ADRIANNE GREENBAUM:   Right, I mean, you have to have, I think, a passion that’s strong enough to weather the huge financial storm that you’re going to run into.  Because it’s only the sing-songwriters that have careers and they’re, you know, if you’re not one of the lucky ones that have been found, discovered.  Did you hear, CAMI folded?

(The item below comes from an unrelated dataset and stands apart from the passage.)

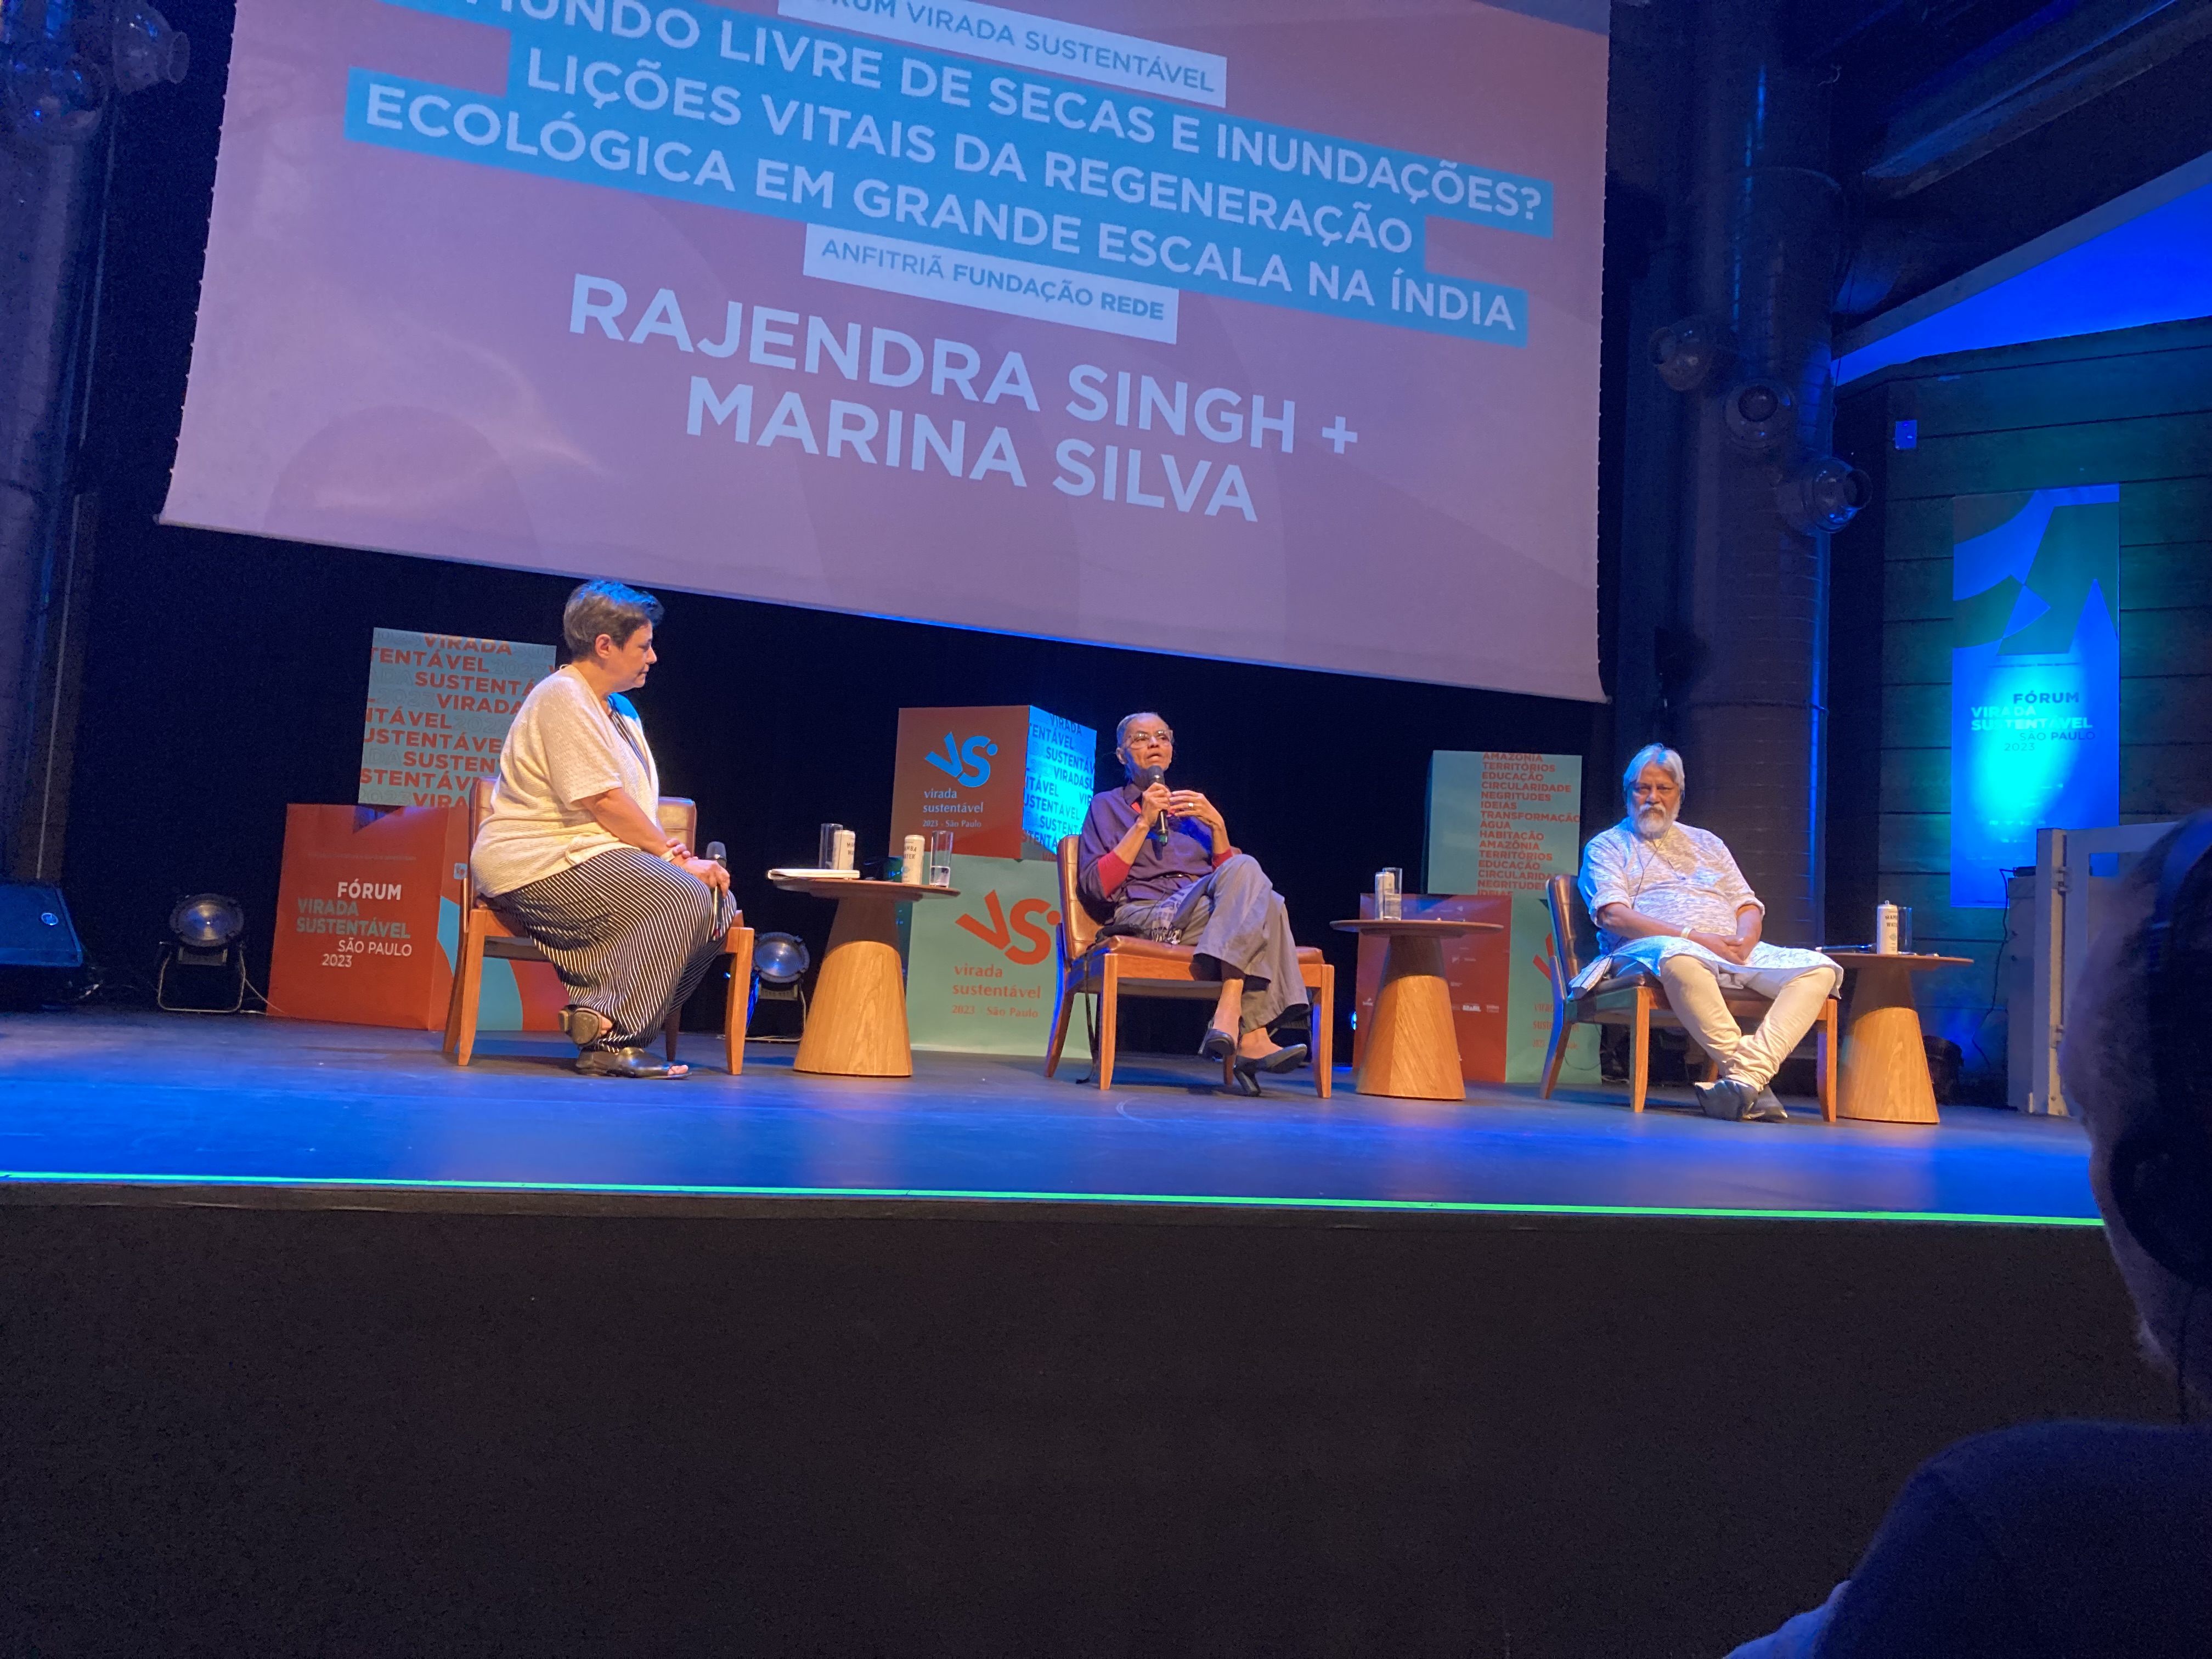 Marina Silva e Rajendra Singh conversam sobre água e clima na Virada Sustentável

CHRIS NORMAN:    No, I didn’t hear that.

ADRIANNE GREENBAUM:   Columbia Artists Management – I mean, if they can’t survive with Itzhak Perlman, etcetera, I don’t know what they’re supposed to do.  They’ve filed for bankruptcy.  You know, sure, it could be that the administration, you know, “where’s my millions that I’m used to getting”

CHRIS NORMAN:    Right, right

ADRIANNE GREENBAUM: “Well, If I can’t do that anymore…”  you just don’t know the level.  But you know, the Met, all these big organizations… So, where are the positions that flute players are going to have?  Education?  You know, that’s better, but as many people know who have students going into music education – the schools, in our country at least can’t find the value for it.  So how are you going to get your job?  There’s less and less reason, and I understand it, unless you’re passionate and you think you can get to that very, very top level, and that’s of course to be defined.  What is the top level?  We all know wonderful flutists, are they great musicians?  [Klezmer flute and piano music playing]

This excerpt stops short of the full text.